Sopla el Noreste, el Nordés que seca las casas. Correrá aún un par de días este viento que barre nubes y, sin embargo, el cielo no es azul, que es turbio y gris. En esta aldea, hoy vigilan a este viento revoltoso, que parece que se esté burlando, pues ya ha ardido casi todo: los montes comunales y los particulares; hubo incluso que defender algunas casas del fuego.

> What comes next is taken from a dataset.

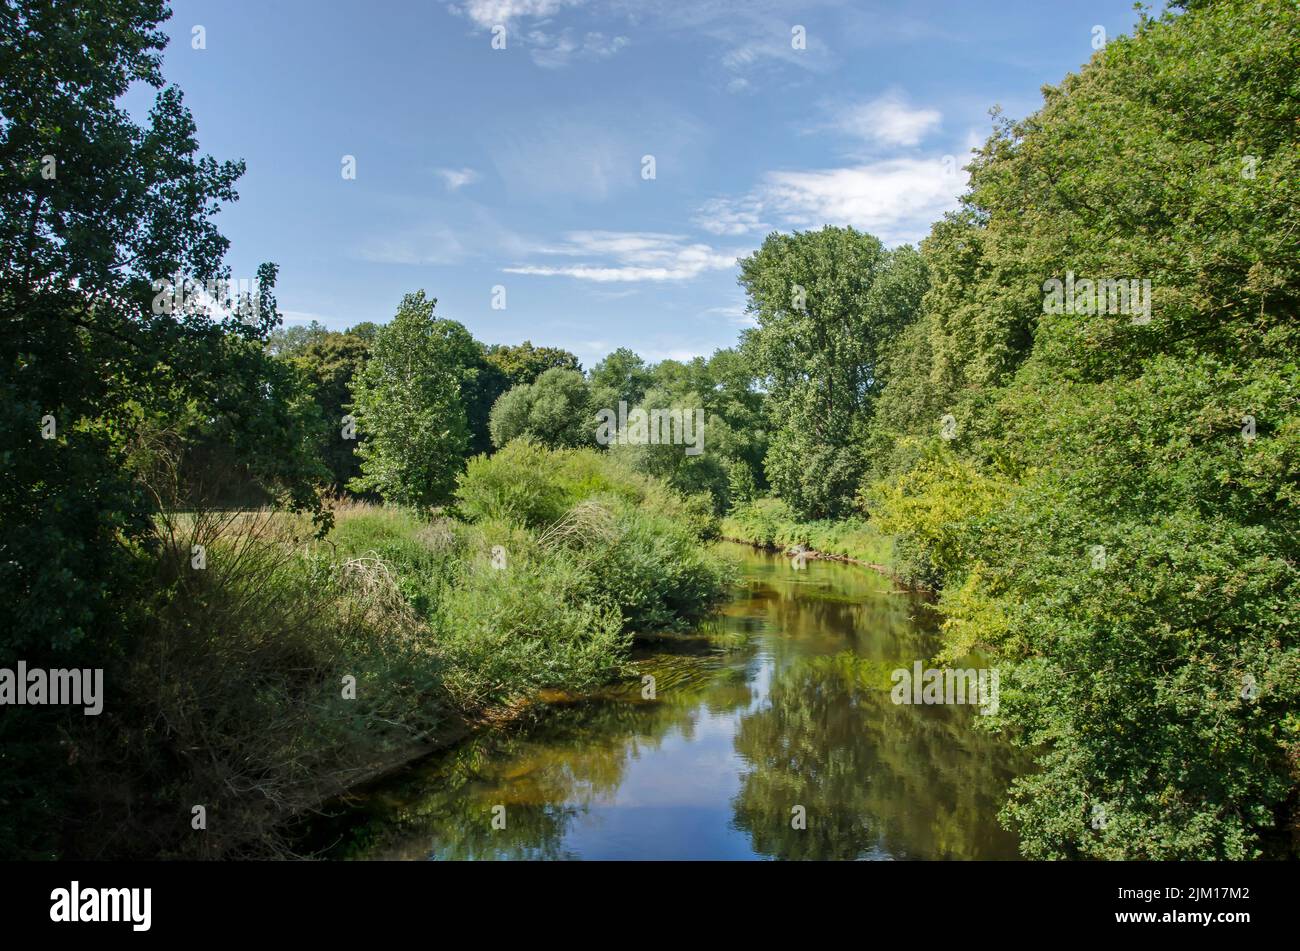 Vue le long du ruisseau tranquille de la rivière EMS dans un paysage luxuriant et verdoyant près de Münster, Allemagne, lors d'une journée d'été Banque D'Images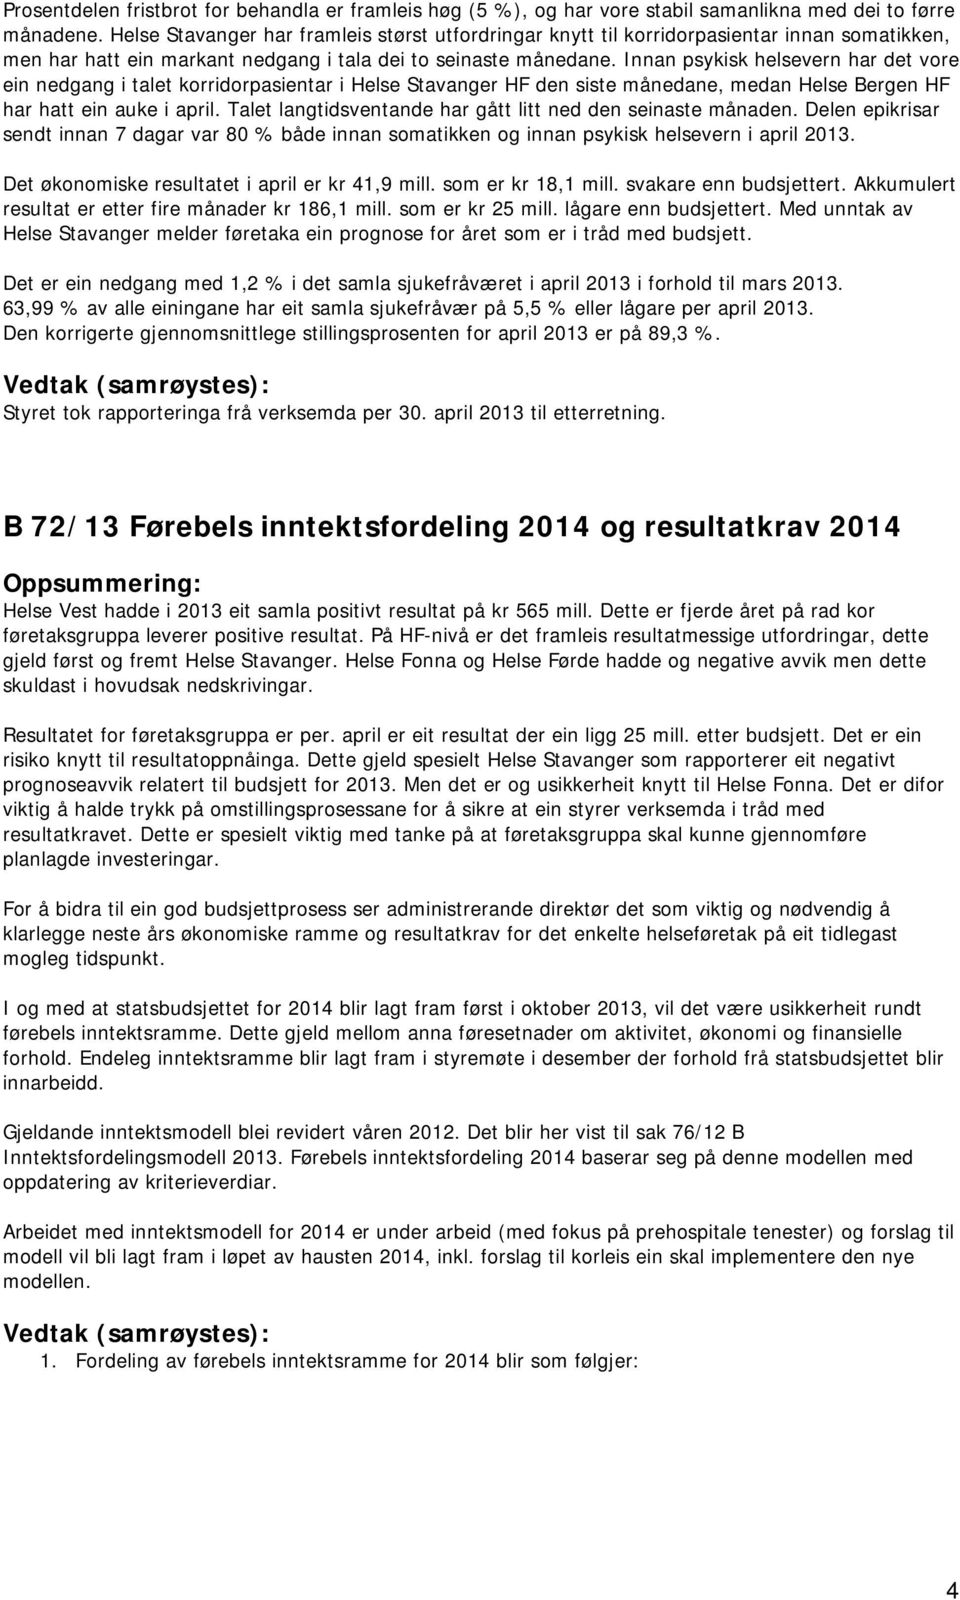 Innan psykisk helsevern har det vore ein nedgang i talet korridorpasientar i Helse Stavanger HF den siste månedane, medan Helse Bergen HF har hatt ein auke i april.

Hace ya tres años que se cerró la última cuadra de vacas de la aldea. La gente joven o está embarcada o emigró a Canarias. El campo está abandonado. Eso es lo que hemos hecho aquí estos años: abandonar, política de abandono. Todo se resume en el plan para el campo seguido por la anterior administración autonómica, Plan para o abandono de explotacións.

Los incendios de este año son algo nuevo, no hay duda, pero el mal es heredado. Viene de que Galicia, que en el imaginario gallego y español, aún se tiene como país campesino, ha abandonado su campo. Galicia aún se ve como un territorio vivo, fecundo, incluso proteico, pero hoy no está siendo así. El campo, el país, es hoy un gran fracaso. Las políticas agrícolas de los Gobiernos español y gallego han consistido desde ya hace muchos años en desmantelar la agricultura. Y así hoy el 80% de la leche producida aquí, en una tierra que tenía por símbolo a una vaca, es comercializada por empresas que no son gallegas. Y así se recorta cada día la producción ganadera. Y así la política autonómica de los últimos años ha fomentado este gran eucaliptal. No, nuestro árbol sagrado ya no es el carballo, el roble, ahora es el eucalipto. El mal de este fuego de hoy es heredado.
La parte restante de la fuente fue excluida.